That’s 2005 professional street luge champion David Dean, from Columbus. He demoed the sport during last year’s Soap Box Derby, and audiences were impressed enough that the race administrators formed an alliance, The International Downhill Racing Association, to sanction competitions at Derby Downs and seven other tracks in North America.

Bringing people to the hill
Bob Cohen is Chairman of the association, and says it’s one more way to bring people to Akron. 
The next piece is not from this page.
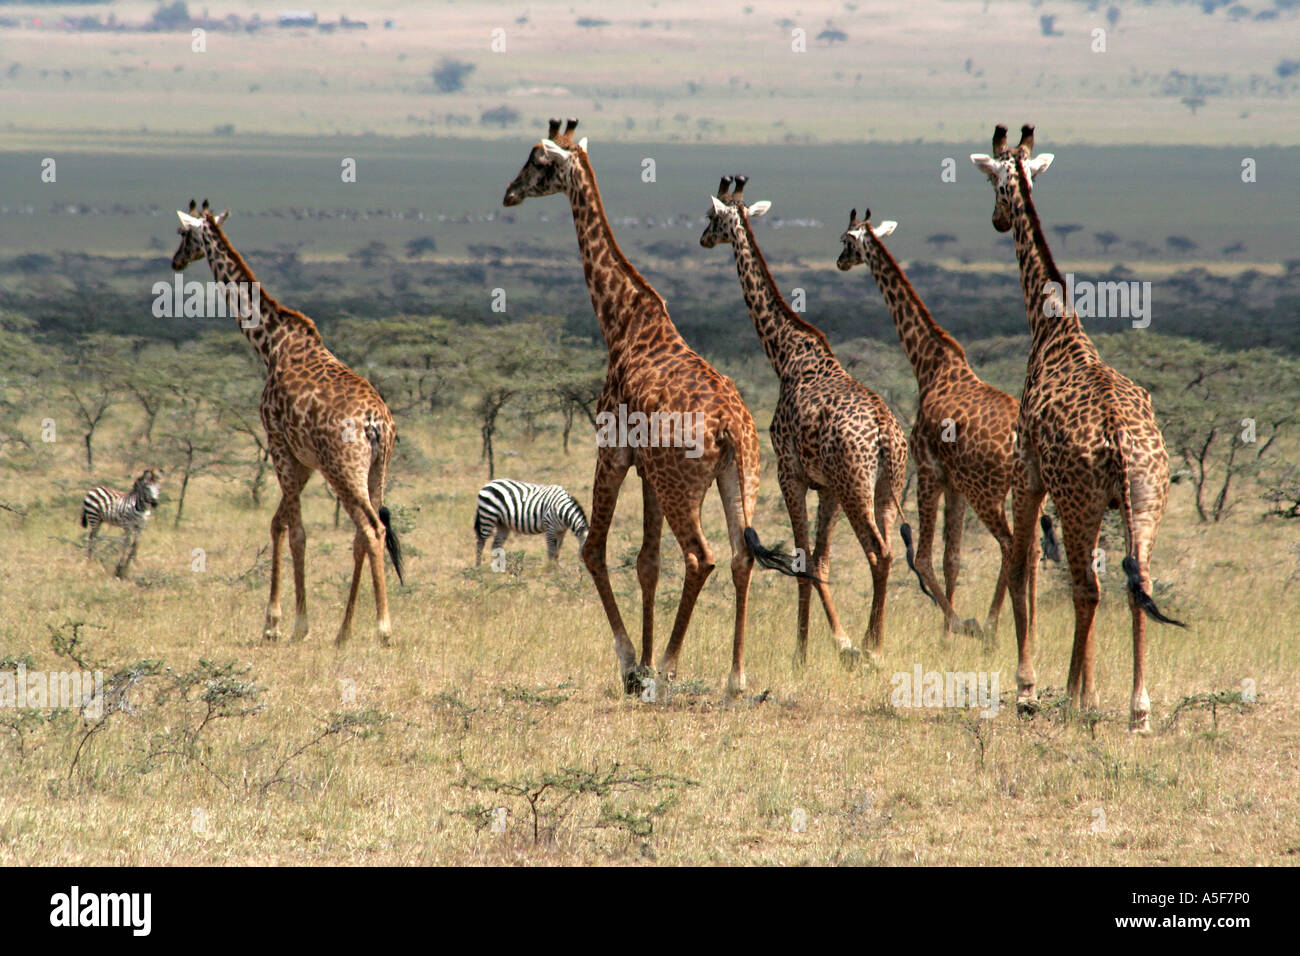 Giraffe, african Masai Giraffe, Masai Mara, Kenya, running herd Stock Photo

“The Derby Hill, up until recently, was only used really once or twice a year. Of course, the Derby’s using it more often now for community activities. But it still, in my opinion, was an under-utilized asset. And Rick Marrolla, who’s director of city services, leaned over to me and said, ‘The mayor just wants us to use the hill to run more things down it.’ So I took his recommendation to heart, and that’s how we came up with this gravity series games.”

Whizzing down the track
Area skateboarders and snowboarders, like fifth-grader Robert Biddle from Cuyahoga Falls, are happy to whiz down the imposing hill.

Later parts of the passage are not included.